In both cases I get the following error : the task is not serializable
Global code :
import org.apache.spark.SparkContext
import org.apache.spark.graphx._
import org.apache.spark.rdd.RDD
val sqlContext= new org.apache.spark.sql.hive.HiveContext(sc)
val data = sqlContext.sql("select year, trade_flow, reporter_iso, partner_iso, sum(trade_value_us) from comtrade.annual_hs where length(commodity_code)='2' and not partner_iso='WLD' group by year, trade_flow, reporter_iso, partner_iso").collect()
val data_2010 = data.filter(line => line(0)==2010)
val couples = data_2010.map(line=>(line(2),line(3))) //pays->pays
couples look like this: Array[(Any, Any)] = Array((MWI,MOZ), (WSM,AUS), (MDA,CRI), (KNA,HTI), (PER,ERI), (SWE,CUB),...
val idMap = sc.broadcast(couples
.flatMap{case (x: String, y: String) => Seq(x, y)}
.distinct
.zipWithIndex
.map{case (k, v) => (k, v.toLong)}
.toMap)
val edges: RDD[(VertexId, VertexId)] = sc.parallelize(couples
.map{case (x: String, y: String) => (idMap.value(x), idMap.value(y))})
val graph = Graph.fromEdgeTuples(edges, 1)
built this way, vertices look like (68,1) for example
val degrees: VertexRDD[Int] = graph.degrees.cache()
//Most connected vertices
def topNamesAndDegrees(degrees: VertexRDD[Int], graph: Graph[Int, Int]): Array[(Int, Int)] = {
val namesAndDegrees = degrees.innerJoin(graph.vertices) {
(id, degree, k) => (id.toInt, degree)}
val ord = Ordering.by[(Int, Int), Int](_._2)
namesAndDegrees.map(_._2).top(10)(ord)}
topNamesAndDegrees(degrees, graph).foreach(println)
We get : (79,1016),(64,912),(55,889)...
First option to retrieve the names :
val idMapbis = sc.parallelize(couples
.flatMap{case (x: String, y: String) => Seq(x, y)}
.distinct
.zipWithIndex
.map{case (k, v) => (v,k)}
.toMap)
def topNamesAndDegrees(degrees: VertexRDD[Int], graph: Graph[Int, Int]): Array[(String, Int)] = {
val namesAndDegrees = degrees.innerJoin(graph.vertices) {
(id, degree, name) => (idMapbis.value(id.toInt), degree)}
val ord = Ordering.by[(String, Int), Int](_._2)
namesAndDegrees.map(_._2).top(10)(ord)}
topNamesAndDegrees(degrees, graph).foreach(println)

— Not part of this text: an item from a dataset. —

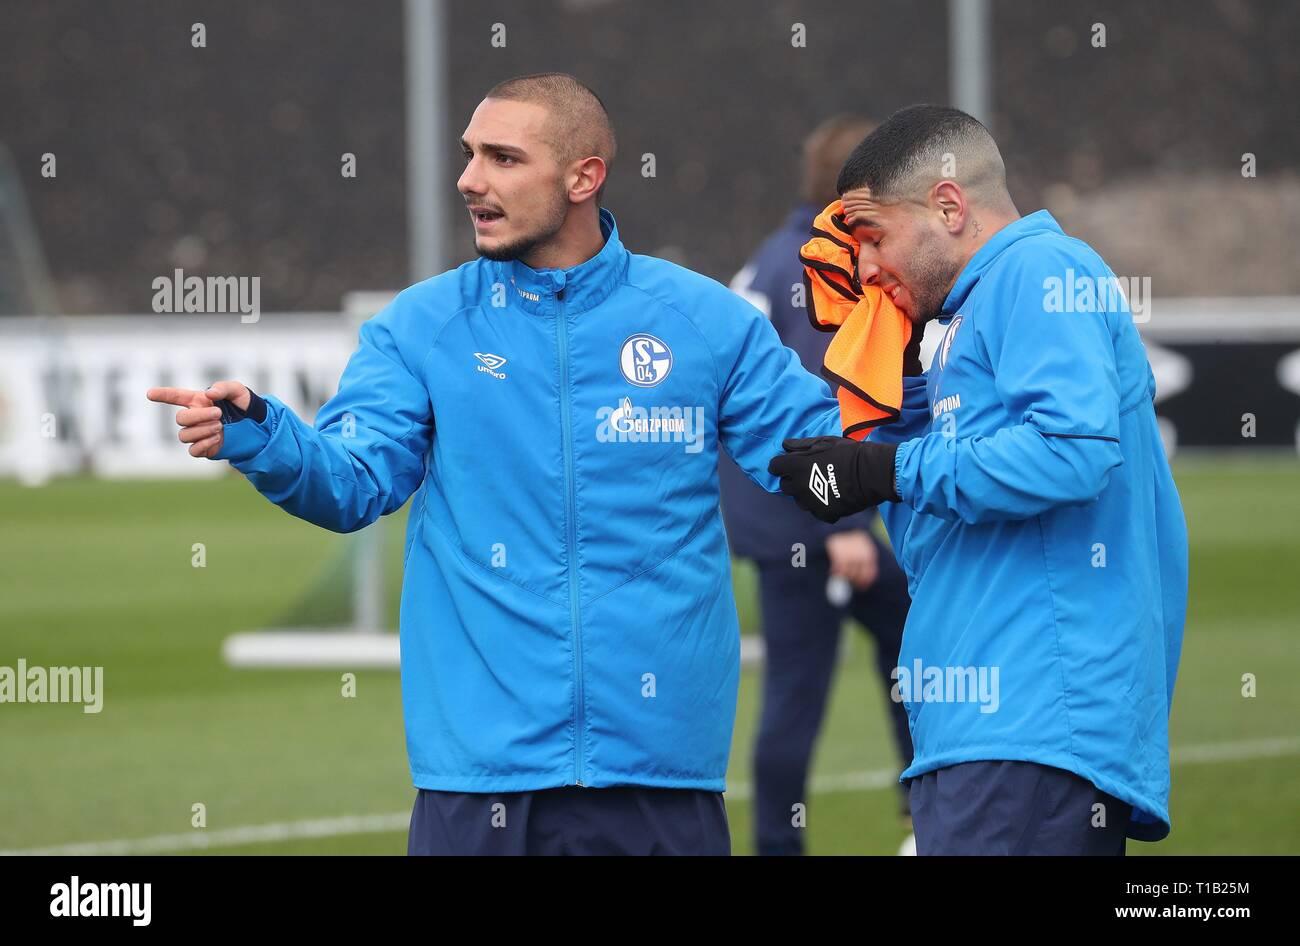 firo: 25.03.2019, Football, 2018/2019, 1.Bundesliga: FC Schalke 04 - Training gesture Ahmed Kutucu and Omar Mascarell   usage worldwide - Stock Image
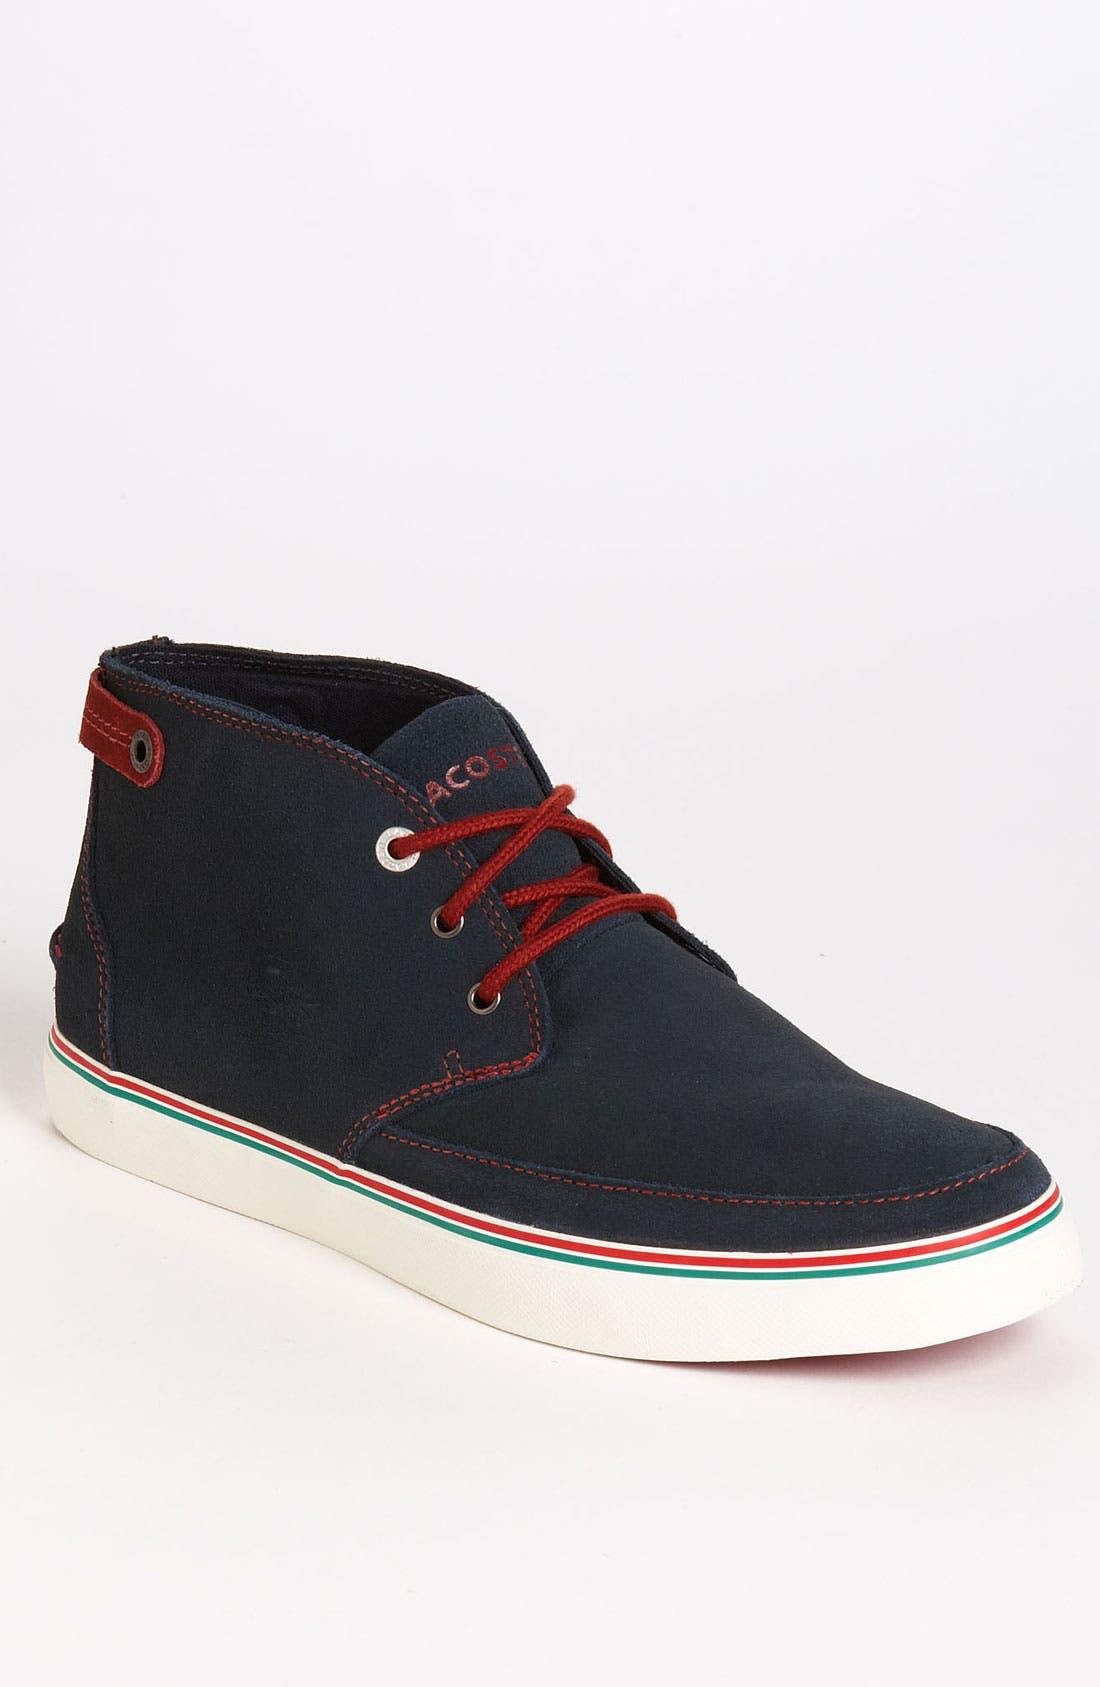 Alternate Image 1 Selected - Lacoste 'Clavel AP' Sneaker

The task is not serializable but the function idMapbis is working since there is no error with idMapbis.value(graph.vertices.take(1)(0)._1.toInt)
Option 2:
graph.vertices.map{case (k, v) => (k,idMapbis.value(k.toInt))}
The task is not serializable again (for context here is how topNamesAndDegrees is modified to obtain the names of the most connected vertices in this option)
def topNamesAndDegrees(degrees: VertexRDD[Int], graph: Graph[Int, Int]): Array[(String, Int)] = {
val namesAndDegrees = degrees.innerJoin(graph.vertices) {
(id, degree, name) => (name, degree)}
val ord = Ordering.by[(String, Int), Int](_._2)
namesAndDegrees.map(_._2).top(10)(ord)}
topNamesAndDegrees(degrees, graph).foreach(println)
I am interested in understanding how to improve one of this option, maybe both if someone see how.
Problem with your attempts is that idMapbis is an RDD. Since we already know your data fits into memory you can simply use a broadcast variable as before:
val idMapRev = sc.broadcast(idMap.value.map{case (k, v) => (v, k)}.toMap)
graph.mapVertices{case (id, _) => idMapRev.value(id)}
Alternatively you could use the correct labels from the beginning:
val countries: RDD[(VertexId, String)] = sc
.parallelize(idMap.value.map(_.swap).toSeq)
val relationships: RDD[Edge[Int]] = sc.parallelize(couples
.map{case (x: String, y: String) => Edge(idMap.value(x), idMap.value(y), 1)}
)
val graph = Graph(countries, relationships)
The second approach has one important advantage - if graph is large you relatively easily replace broadcast variables with joins.